EXERCISE OBJECTIVE:
Reproduce exactly, and only, the lines below from the one containing "La misteriosa manicura de Shakira" through the one containing "whirlpool advantech cl".
##### INFORMATION SUPPLIED
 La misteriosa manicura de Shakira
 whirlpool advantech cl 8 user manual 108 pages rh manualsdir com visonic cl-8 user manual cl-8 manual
##########
##### INFORMATION SUPPLIED
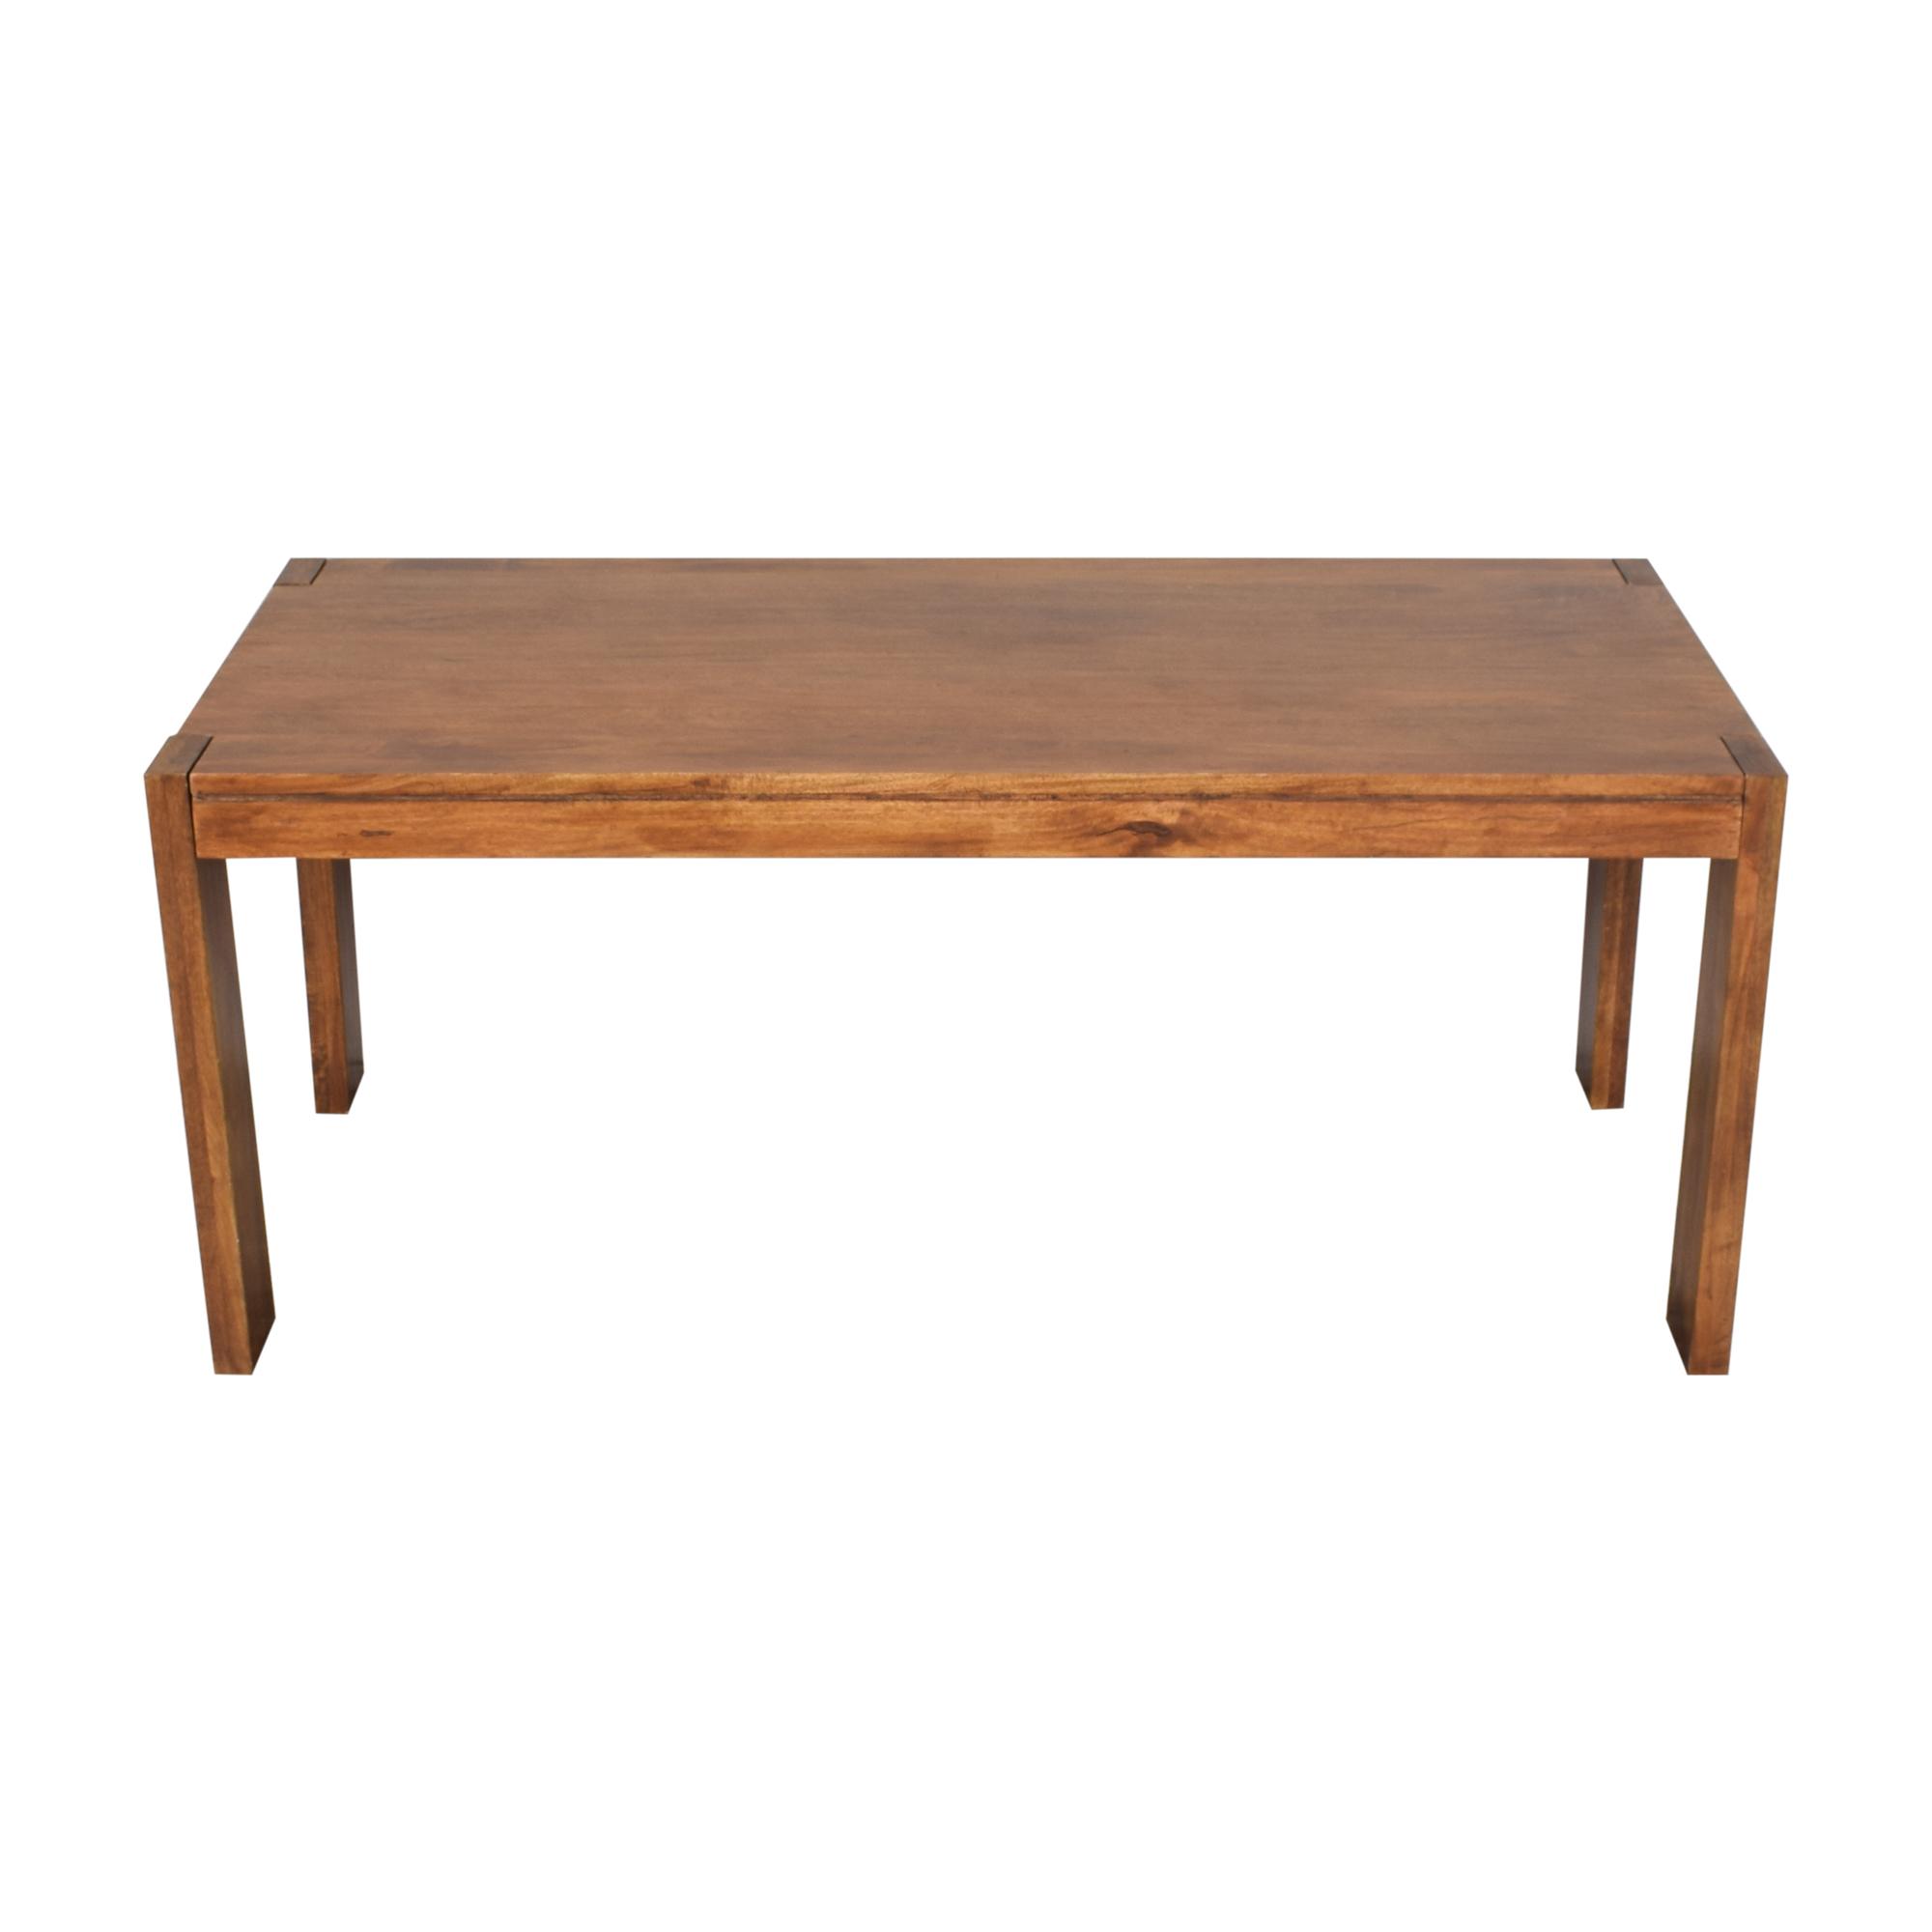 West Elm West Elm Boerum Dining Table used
##########
##### INFORMATION SUPPLIED
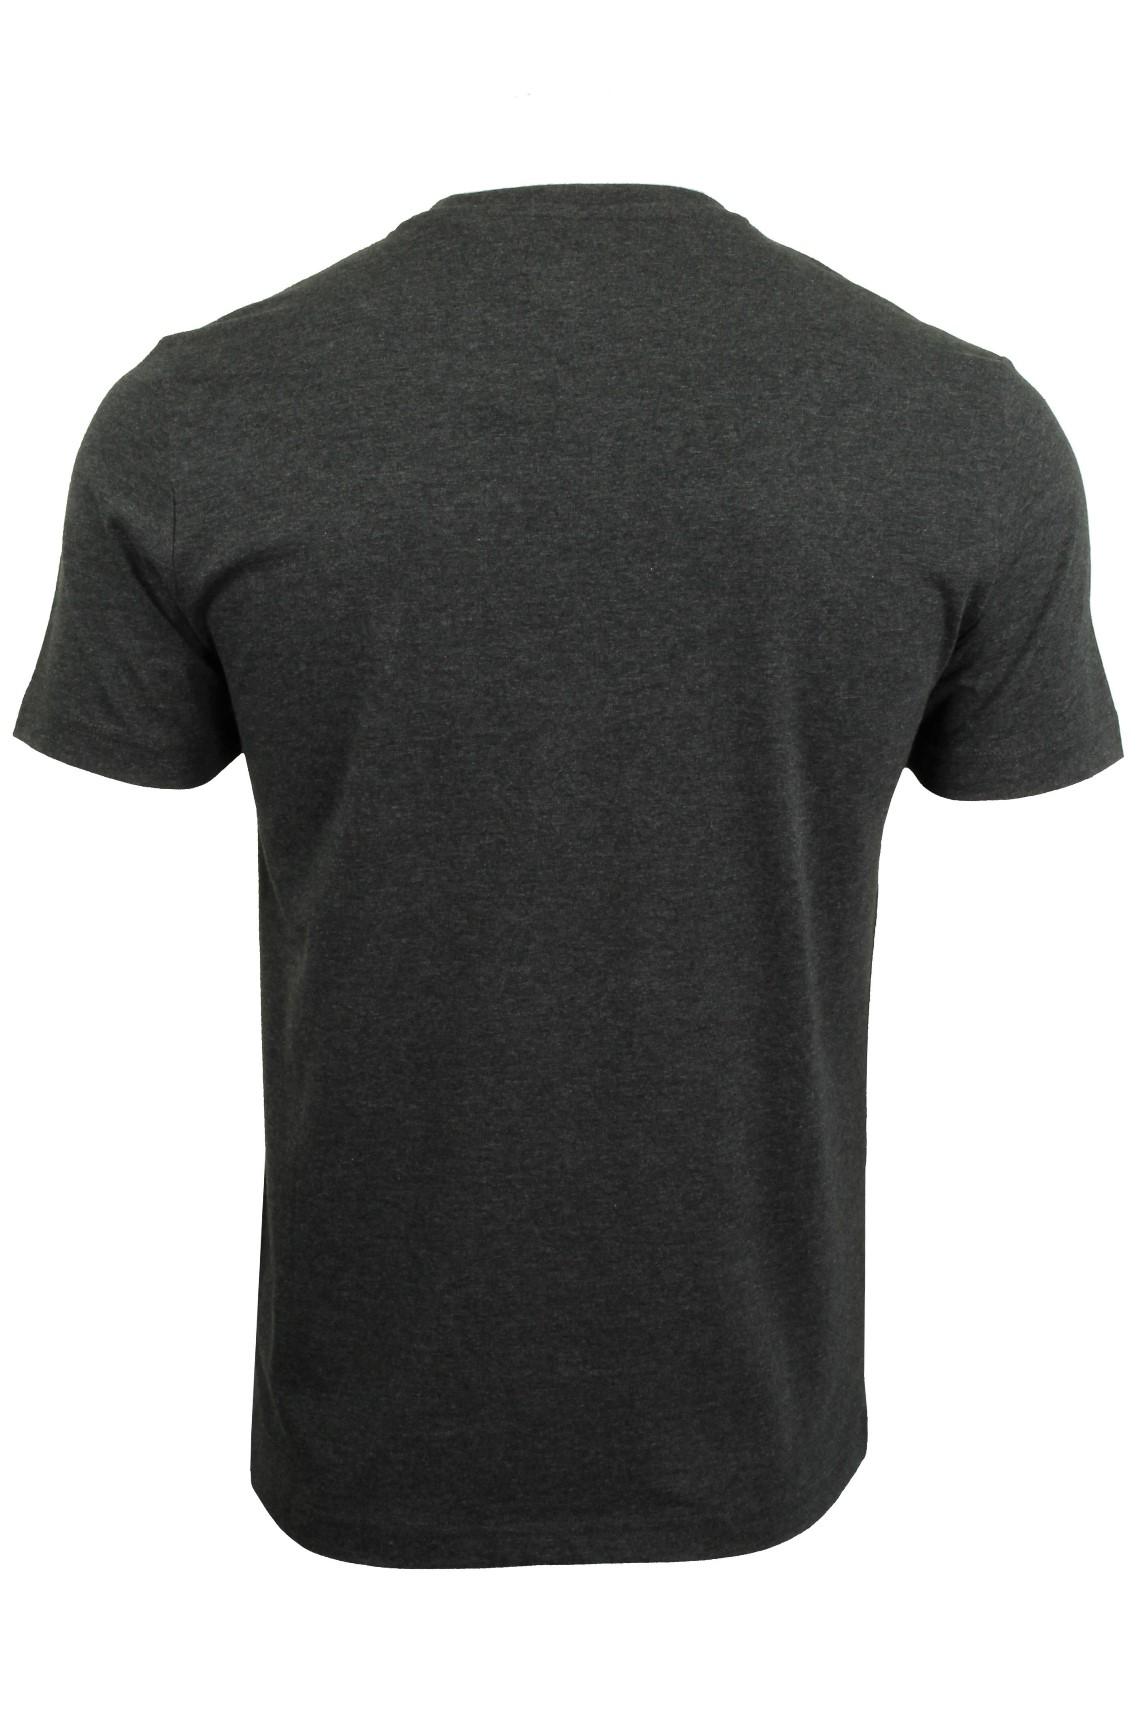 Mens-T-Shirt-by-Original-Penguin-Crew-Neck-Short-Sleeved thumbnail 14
##########
RESULT OF THE EXERCISE:
 La misteriosa manicura de Shakira
 whirlpool advantech cl 8 user manual 108 pages rh manualsdir com visonic cl-8 user manual cl-8 manual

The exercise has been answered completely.